======== Data for review

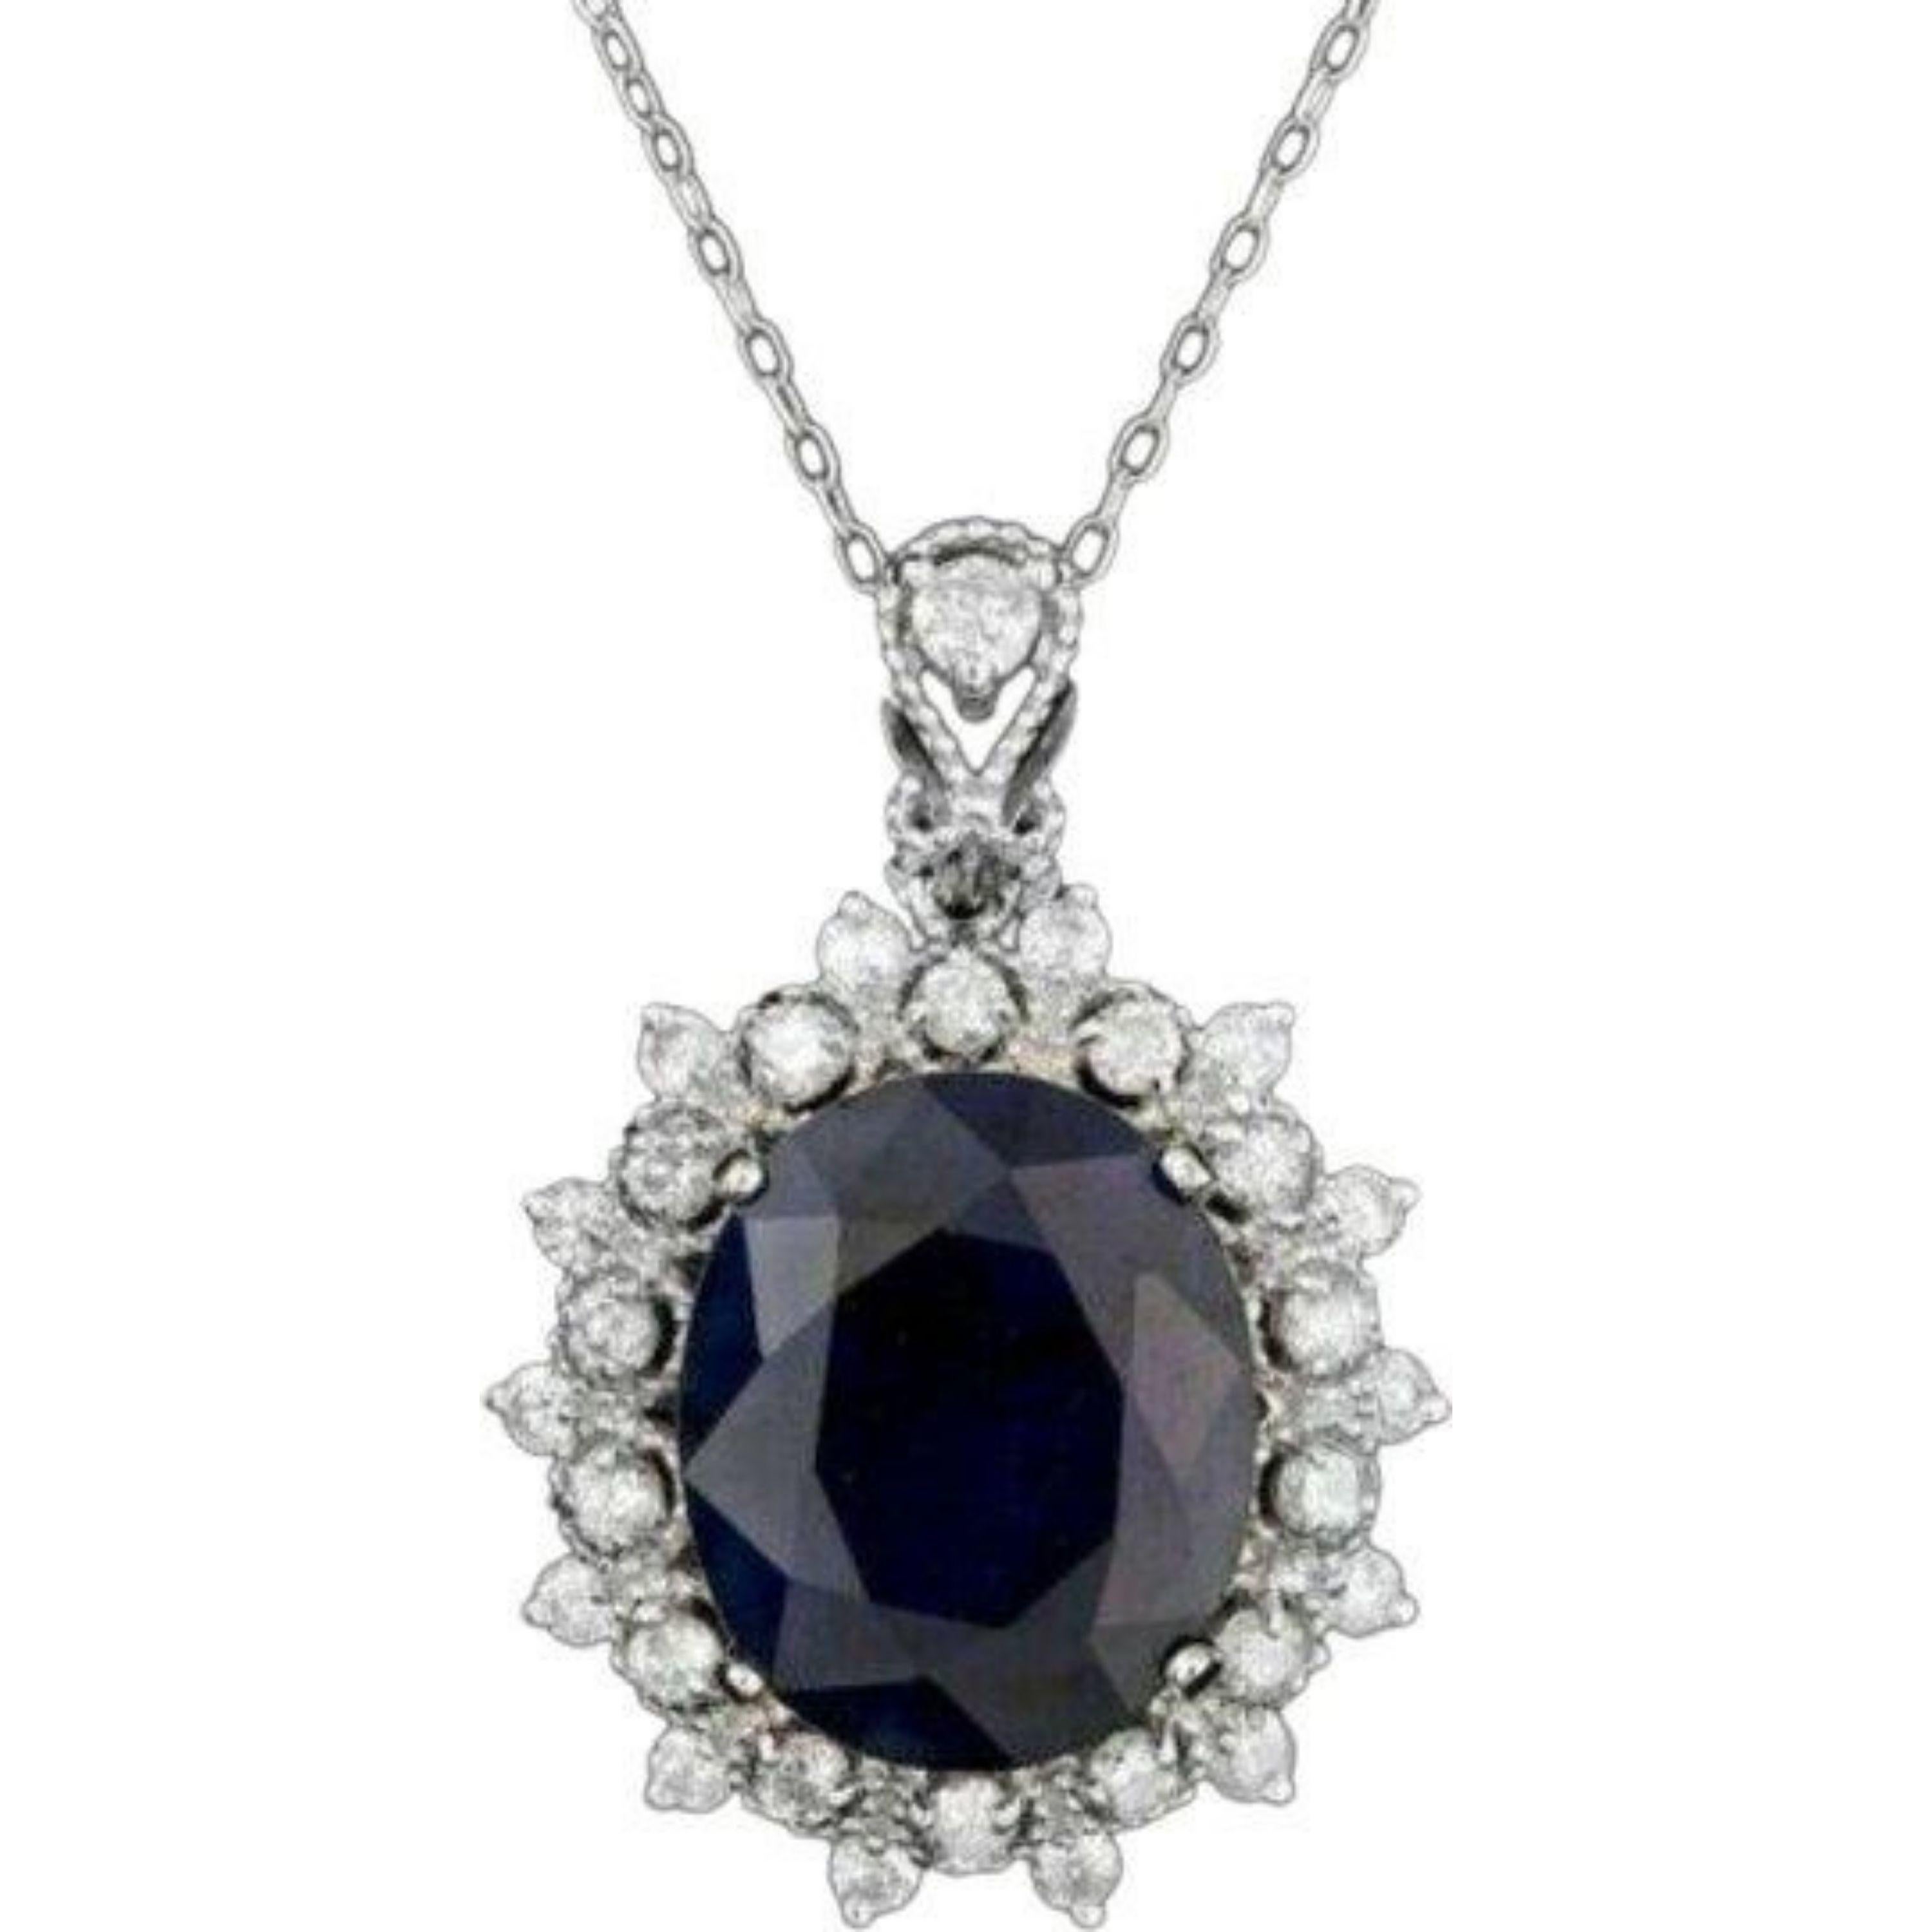 9.30Ct Natural Sapphire and Diamond 14K Solid White Gold Necklace

Amazing looking piece!

Stamped: 14K

Natural Oval Cut Sapphire Weights: Approx. 8.50 Carats

Sapphire Measures: Approx. 13 x 11mm

Total Natural Round Diamond weights: Approx. 0.80

================

● **Problem description**
Restate every line of the data above word for word, with the images removed.

● **Completed exercise**
 9.30Ct Natural Sapphire and Diamond 14K Solid White Gold Necklace

Amazing looking piece!

Stamped: 14K

Natural Oval Cut Sapphire Weights: Approx. 8.50 Carats

Sapphire Measures: Approx. 13 x 11mm

Total Natural Round Diamond weights: Approx. 0.80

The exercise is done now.